Segment 7 – Alex Sink

Coming out of commercials, we heard “Burning Love” by Elvis as bumper
music. Bubba said they’ve got Alex Sink on, Alex said if she calls him
Bubba, he should call her Alex. Bubba said he’s about 60-70%
Republican, Alex said she’s not a career Politician; she started this
job just four years ago. Bubba thinks it makes her sick, Alex said
she’d like to talk about the Education bill, she said Tallahassee will
take over our local schools, Bubba said no one wants that, he said
this is one of the most unfair bills, Alex thinks bubba is right, she
said she has two children who graduated from Public school, she said
you can’ turn the system upside-down. Bubba said they’ve made teaching
less of an attractive job, he said sometimes you can’t get through to
a student, regardless as to how good of a teacher you are. Alex said
we should let the good people go and do their jobs. Bubba wondered if
Charlie can shoot it down, Alex said yes, she said you have to get
word to the Governor’s office, she said she’ll put something up on her
website, AlexSink2010.com. Bubba wondered how Senate bill six got
legs, he thinks common sense would think otherwise, Alex said it
started with John thrasher, Bubba thinks he’s the guy who spent six
million dollars on his chambers, she said John has an agenda to
dismantle public education, she said we need a system that is fare to
everyone.
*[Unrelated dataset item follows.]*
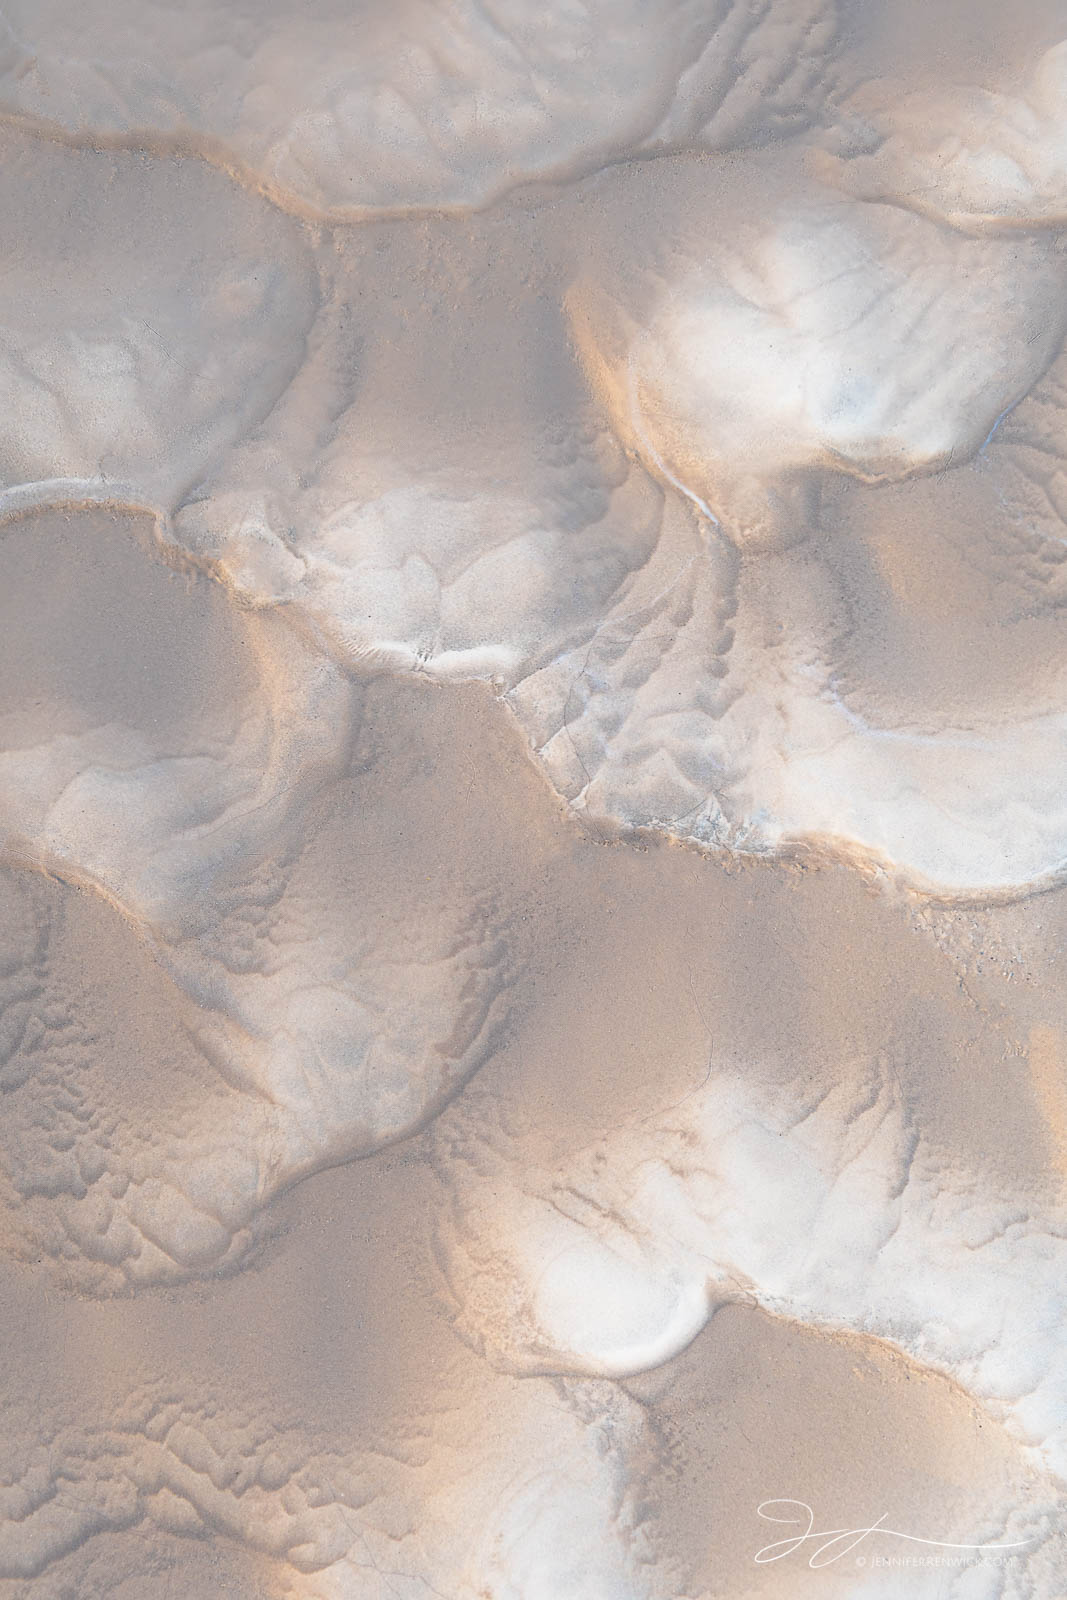 Fresh mud from a flow across the desert floor creates billowy patterns.

Bubba wondered if there’s special interest, Alex said yes,
she said for every course a student takes, they need to have an end of
course exam, she said we spent millions of dollars grading the FCAT,
it’s graded by a company that is out of state. Bubba asked her about
her plan to get jobs back, Alex said yes, she said you can see her job
plan on her website, she said we need to get rid of the red tape.
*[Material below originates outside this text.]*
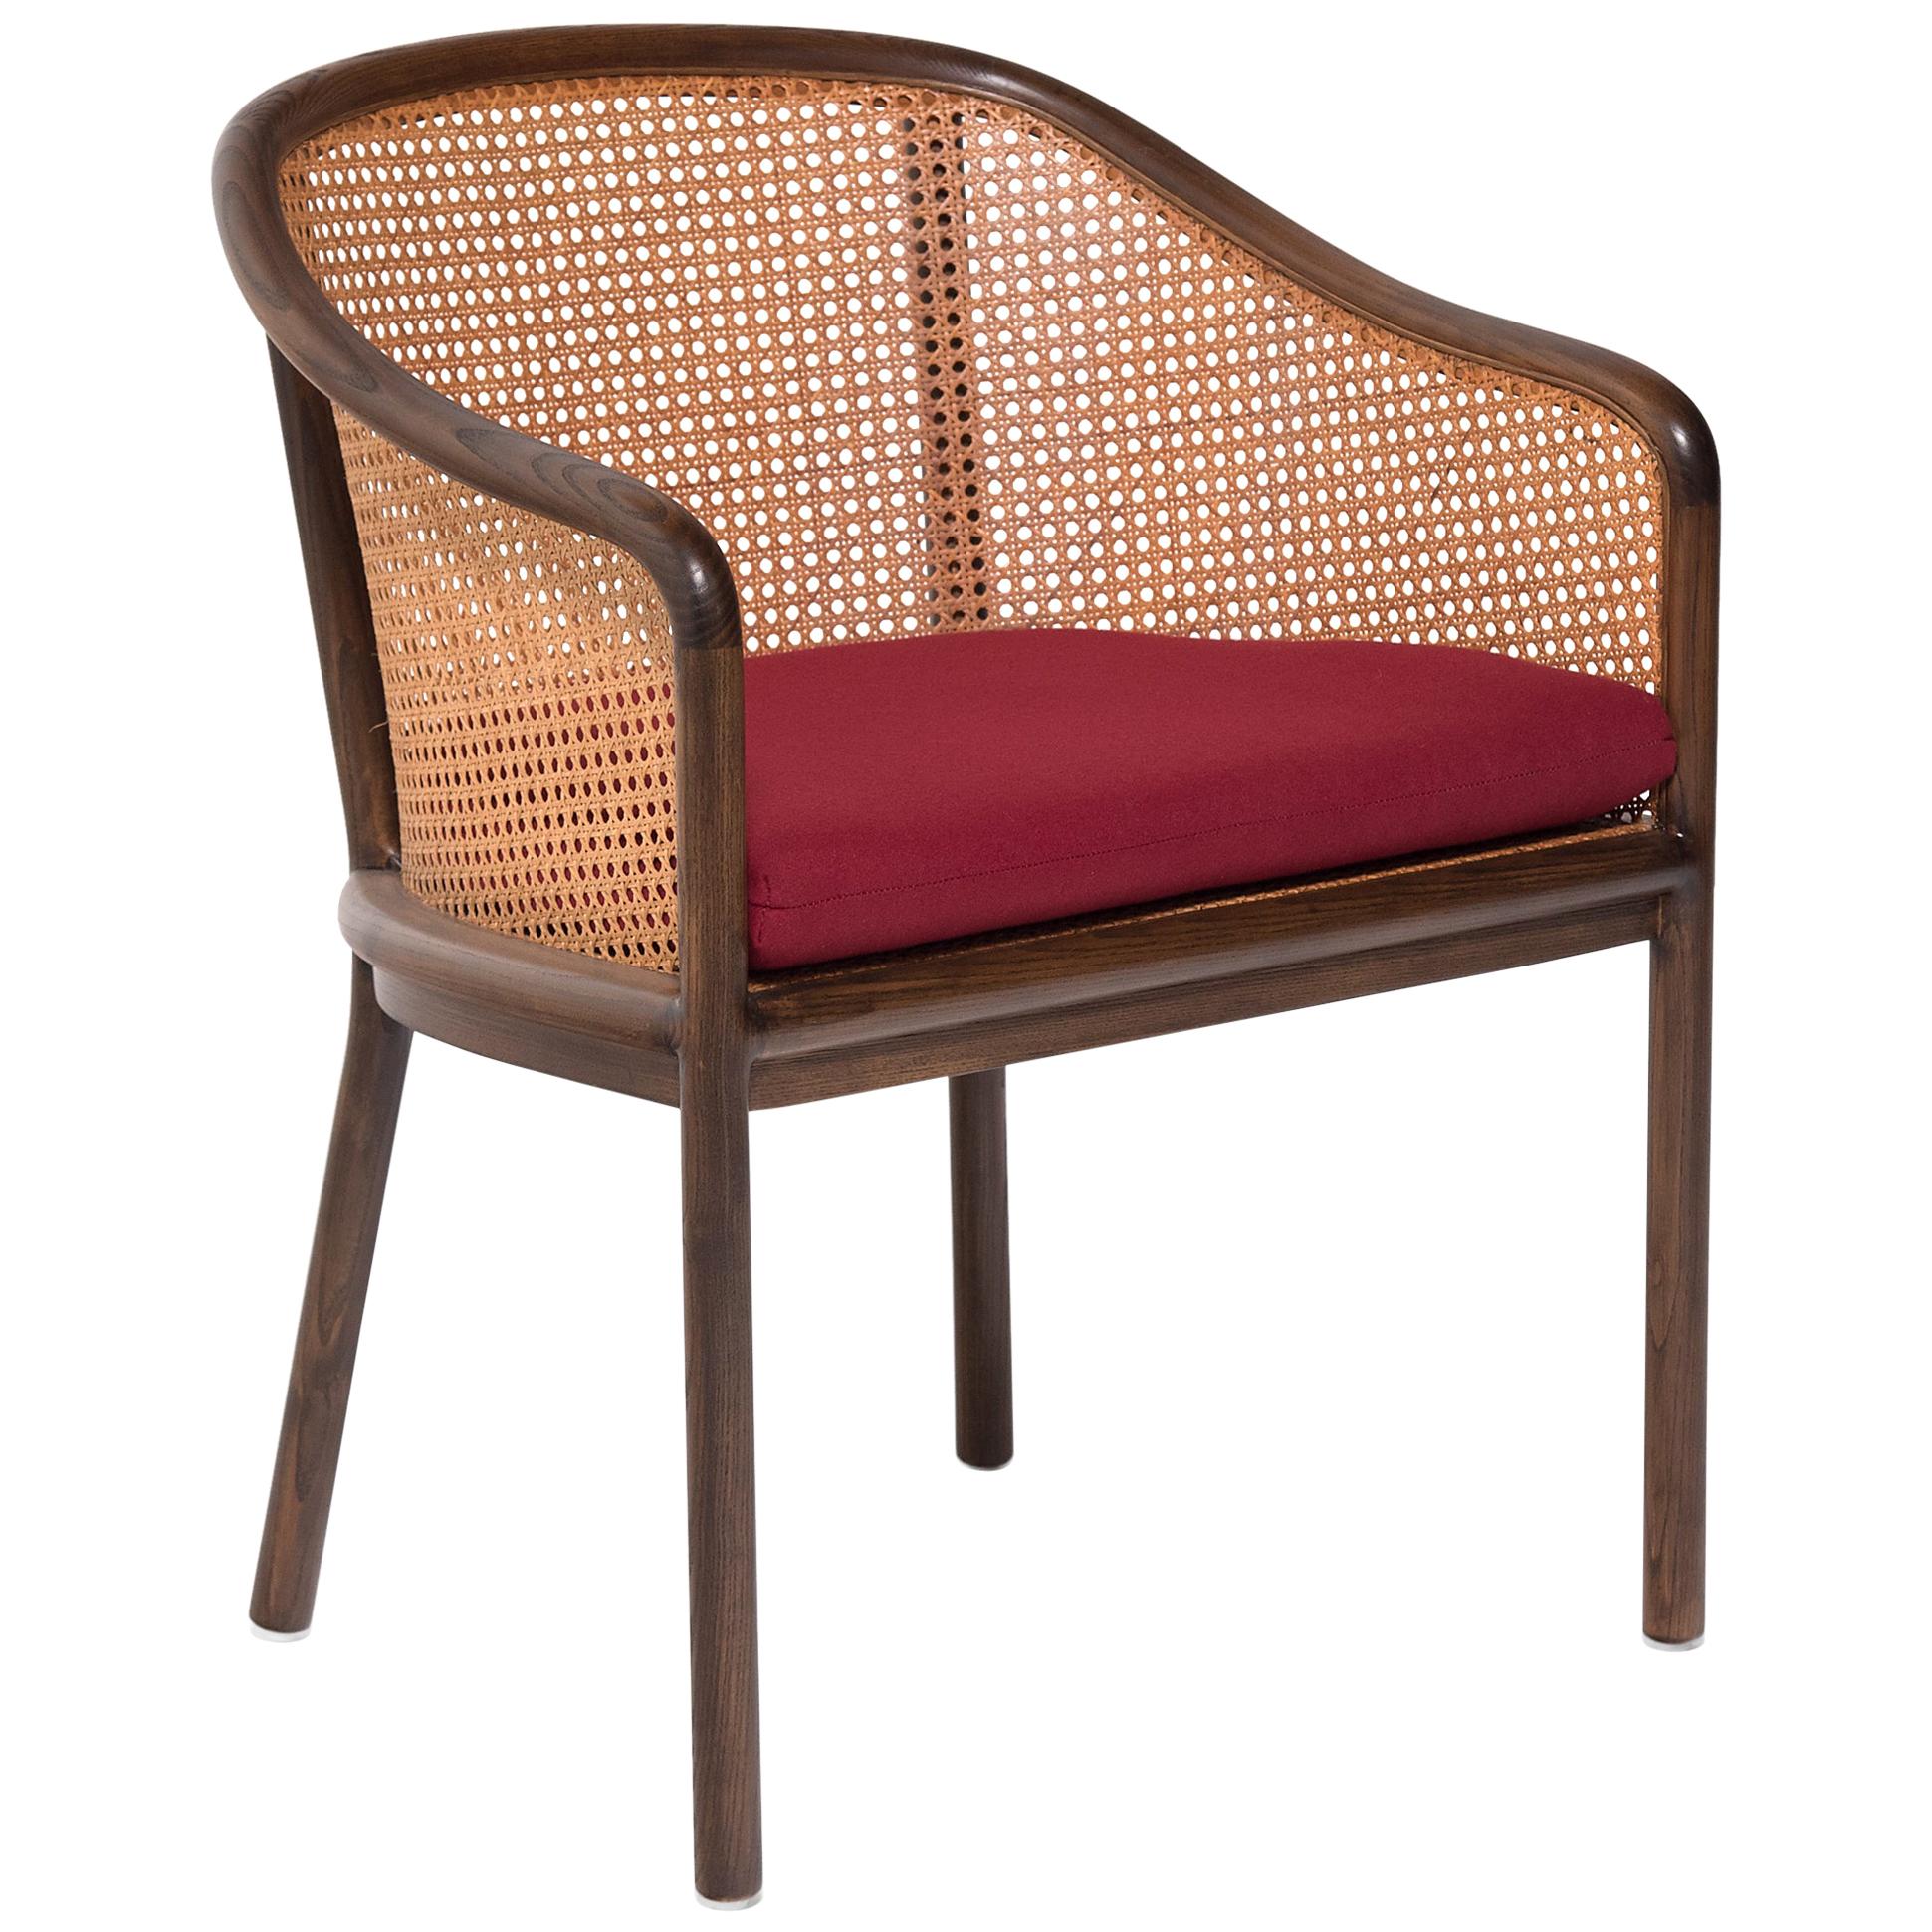 Ward Bennett Cane Landmark Lounge Chair with Red Cushion

Bubba said Jesse Ventura did a good job with Minnesota, he said he
likes how Alex is a non career Politician, he said we need to bust
some stuff up, he said he hasn’t met one person who likes Senate bill
six. Alex said she’s gotten a chance to see it, she said she’s seen
enough, she hopes the people of Florida will look at her story. Bubba
asked about the guy Alex is going against, Alex said the guy spent 20
years in congress, the guy spent his last ten years as a lobbyist, she
said she’ll know that she’ll be behind in the poles. Bubba said he’d
like to have her on the show once a month, Alex said she’ll do it, she
thanked Brent and bubba, Bubba wished her the best of luck, he said he
likes what he sees on her, he thinks Alex’s opponent looks like Ned in
a glammar shot. Bubba took a call from a guy who said Jeb Bush might
be in charge of the testing company; Brent said Rhonda Storms and John
Thrasher are behind it. Bubba said we have to get Rhonda Storms out.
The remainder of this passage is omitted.